Extraction Pipeline¶
Every file -- whether a single PDF or a batch of thousands -- flows through the same multi-stage pipeline:
flowchart LR
A[Input File] --> B[MIME Detection]
B --> C[Format Extractor]
C --> D{OCR Needed?}
D -->|Yes| E[OCR Engine]
D -->|No| F[Post-Processing]
E --> F
F --> G[ExtractionResult]
- MIME detection -- Kreuzberg identifies the file type from magic bytes and extension, then selects the matching native extractor from the registry.
- Format extraction -- The extractor pulls text, tables, metadata, and optionally images from the file. PDF extraction uses pdfium; Office formats use streaming XML parsers; images pass directly to OCR.
- OCR -- When the extractor finds no text layer (or
force_ocris set), the file is routed to the configured OCR backend. The OCR result replaces or supplements the extracted text. - Post-processing -- Validators, quality processing, chunking, embeddings, keyword extraction, and any registered post-processor plugins run in sequence.
- Caching -- If caching is enabled, results are stored keyed by a content hash so repeated extractions skip the entire pipeline.
For a deep dive into each stage, see Extraction Pipeline.
Output Formats¶
Kreuzberg supports five output formats: Plain text, Markdown, Djot, HTML, and Structured (JSON). The HTML format includes a styled renderer with semantic kb-* CSS classes, five built-in themes, and CSS custom properties for full customization. See HTML Output for details.
OCR Engines¶
Kreuzberg supports three OCR backends. You can use one backend, or chain multiple backends into a fallback pipeline that automatically retries with the next engine when quality is low.
Backend Comparison¶
| Tesseract | PaddleOCR | EasyOCR | |
|---|---|---|---|
| Languages | 100+ | 80+ (11 script families) | 80+ |
| Best for | General purpose, broad language coverage | CJK, complex scripts, high accuracy | GPU-accelerated workloads |
| Platform | All bindings including WASM | All non-WASM bindings | Python only |
| Install | System package (tesseract-ocr) |
Cargo feature paddle-ocr or pip install kreuzberg[paddleocr] |
pip install kreuzberg[easyocr] |
| Runtime | C library (Tesseract 4.0+) | ONNX Runtime (models downloaded on first use) | PyTorch (optional CUDA) |
| Python version | Any | Native: any. Python package: <3.14 | <3.14 |
Multi-Backend Pipeline¶
Added in v4.5.0
When the paddle-ocr feature is enabled, Kreuzberg automatically constructs a fallback pipeline: Tesseract runs first, and if the output falls below configurable quality thresholds (16 tunable parameters), PaddleOCR takes over. You can also define a custom ordering across all three backends.

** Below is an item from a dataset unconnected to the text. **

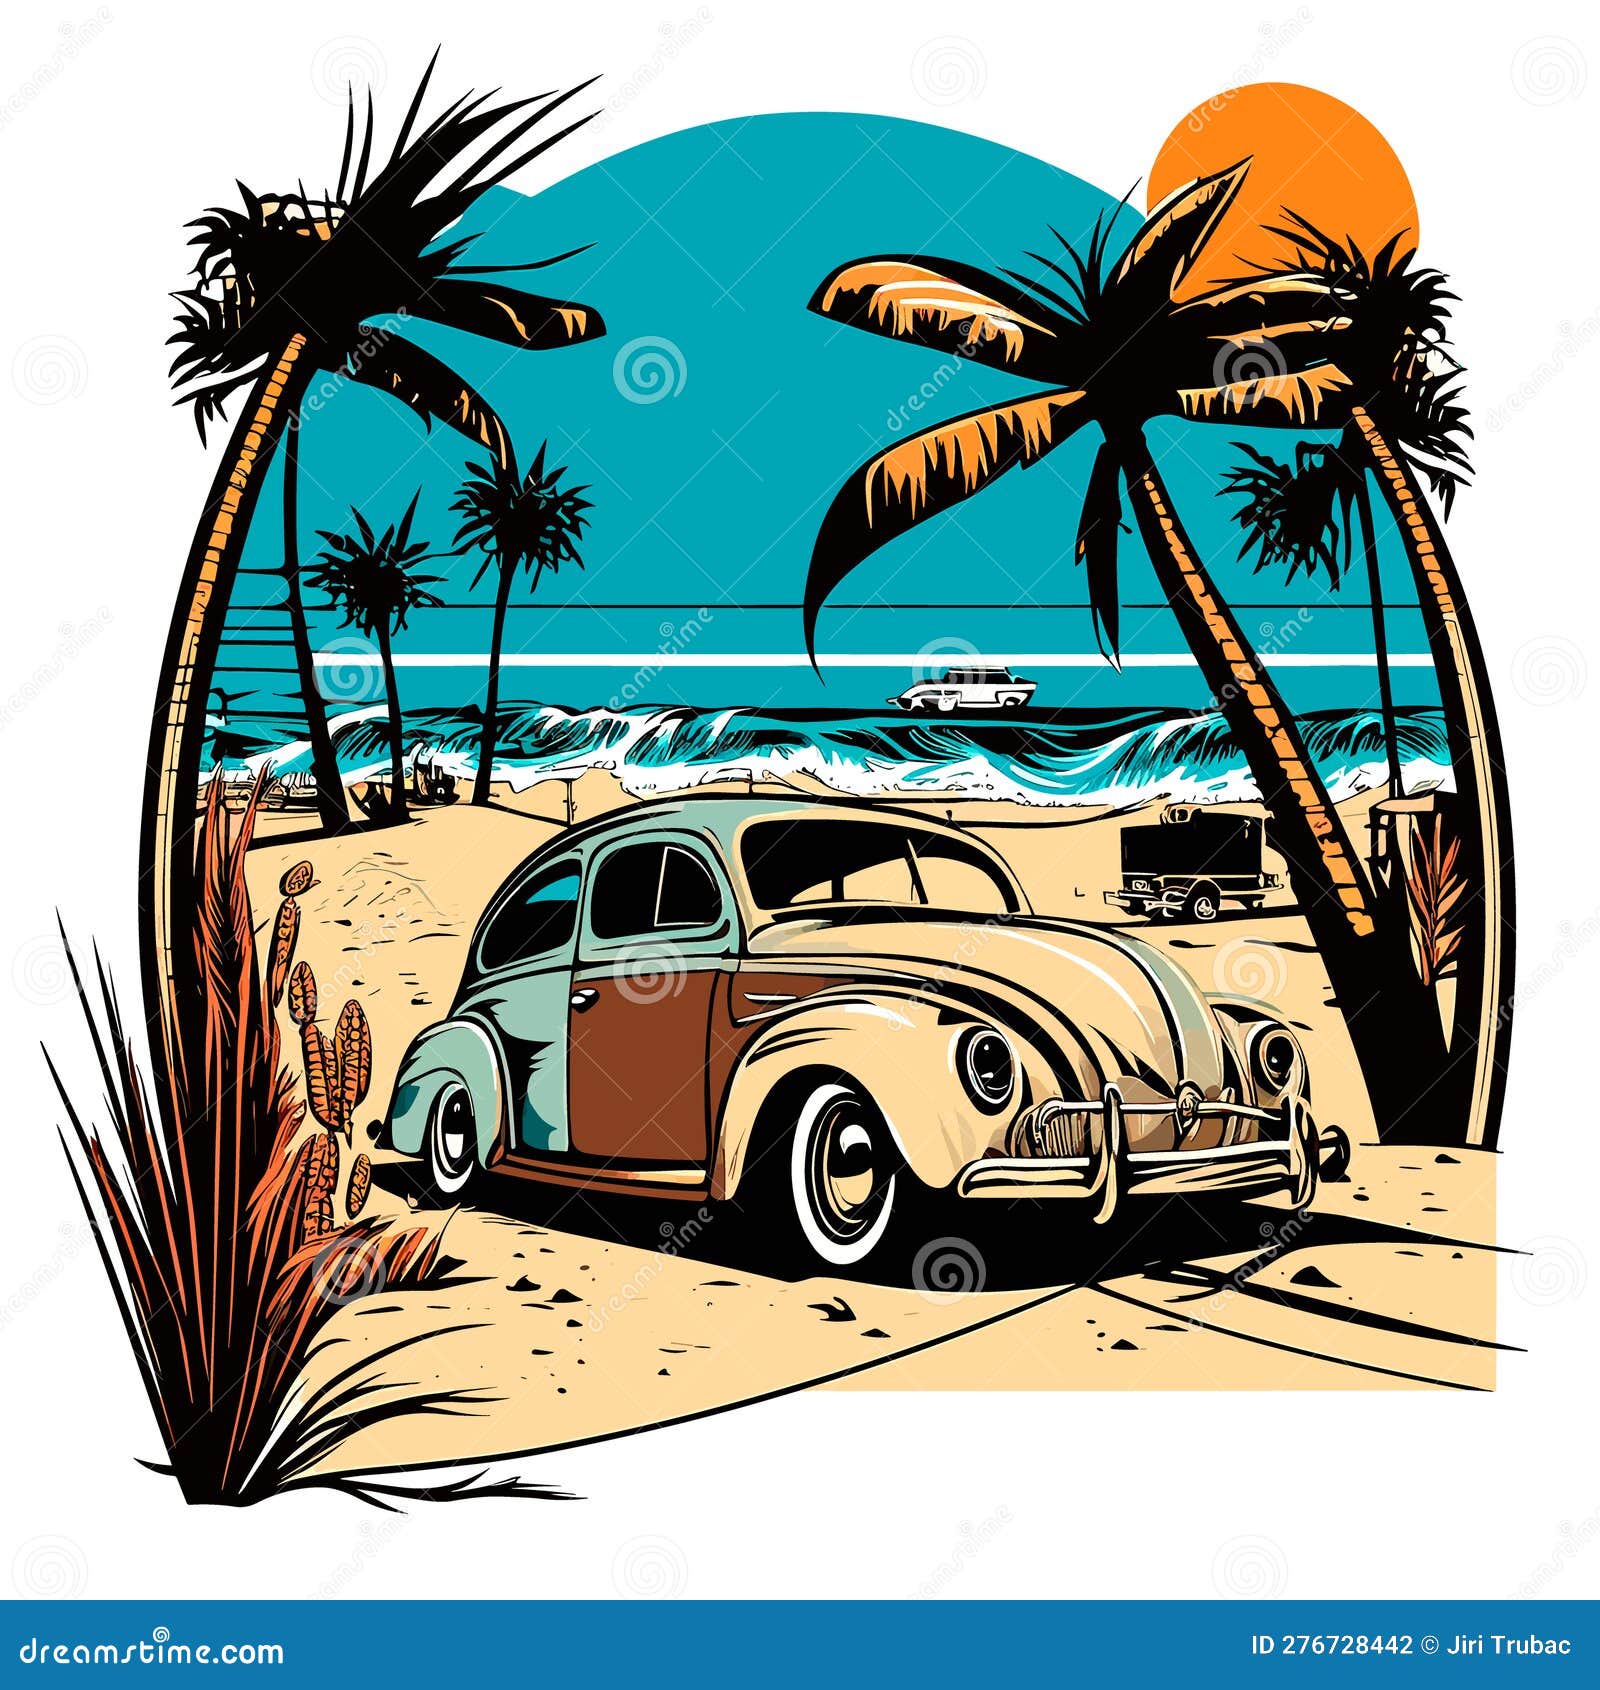 holliday road trip by vehicle. silhouettes of palm trees with the setting sun in the background. cartoon  ,
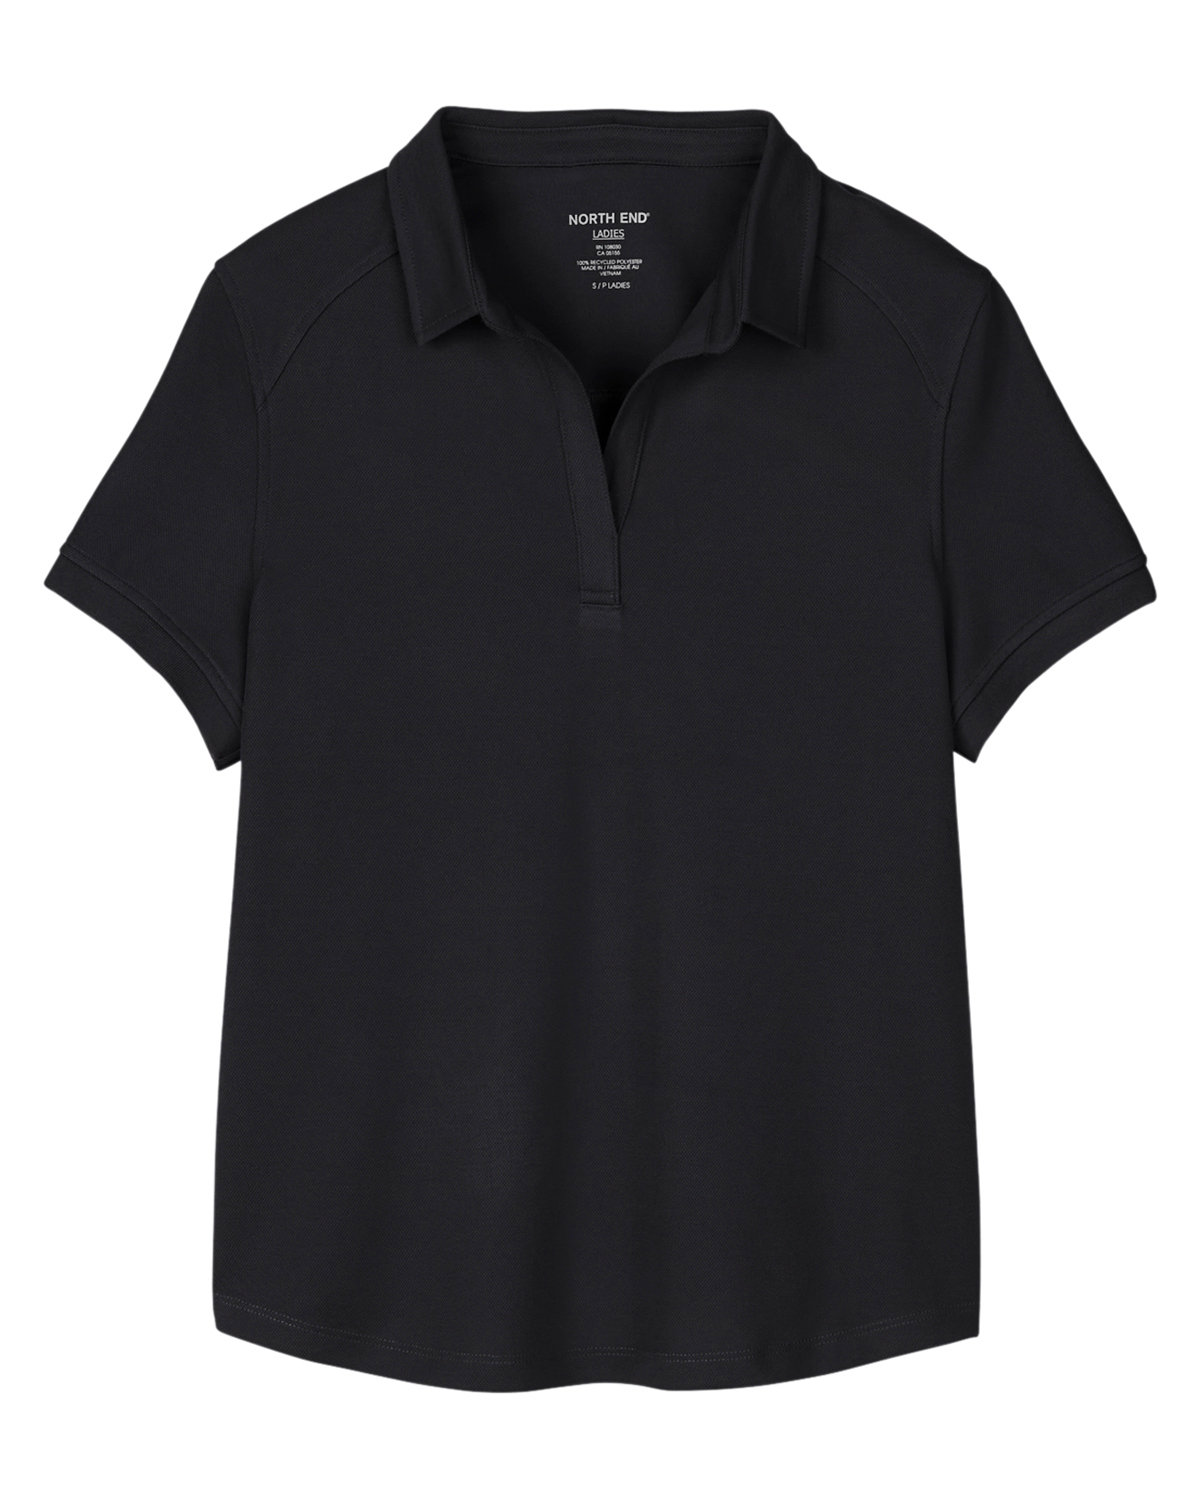 Picture of North End Women's Express Tech Performance Polo

The pipeline supports auto-rotate for page orientation detection (0/90/180/270 degrees) and per-stage language and backend-specific settings.
flowchart TD
A[Image / Scanned Page] --> B[Primary Backend]
B --> C{Quality Above Threshold?}
C -->|Yes| D[Return Result]
C -->|No| E[Fallback Backend]
E --> F{Quality Above Threshold?}
F -->|Yes| D
F -->|No| G[Return Best Result]
Document-Level Optimization¶
Added in v4.5.3
Some OCR backends (including EasyOCR) now support document-level processing. When a file path is provided, the extractor can bypass the expensive page-by-page rendering stage and delegate the entire document to the OCR engine. This significantly reduces memory overhead and improves throughput for large PDFs and multi-page images.
For backend configuration, language selection, and PSM/OEM modes, see the OCR Guide.
Processing Features¶
After extraction, Kreuzberg can run a chain of processing steps. Each is optional and configured independently through ExtractionConfig.
For RAG Pipelines¶
Content Chunking -- Split extracted text into sized chunks for LLM consumption. Strategies include recursive (paragraph/sentence/word splitting), semantic, and Markdown-aware chunking that preserves heading hierarchy. Chunks can be sized by character count or by token count using any HuggingFace tokenizer.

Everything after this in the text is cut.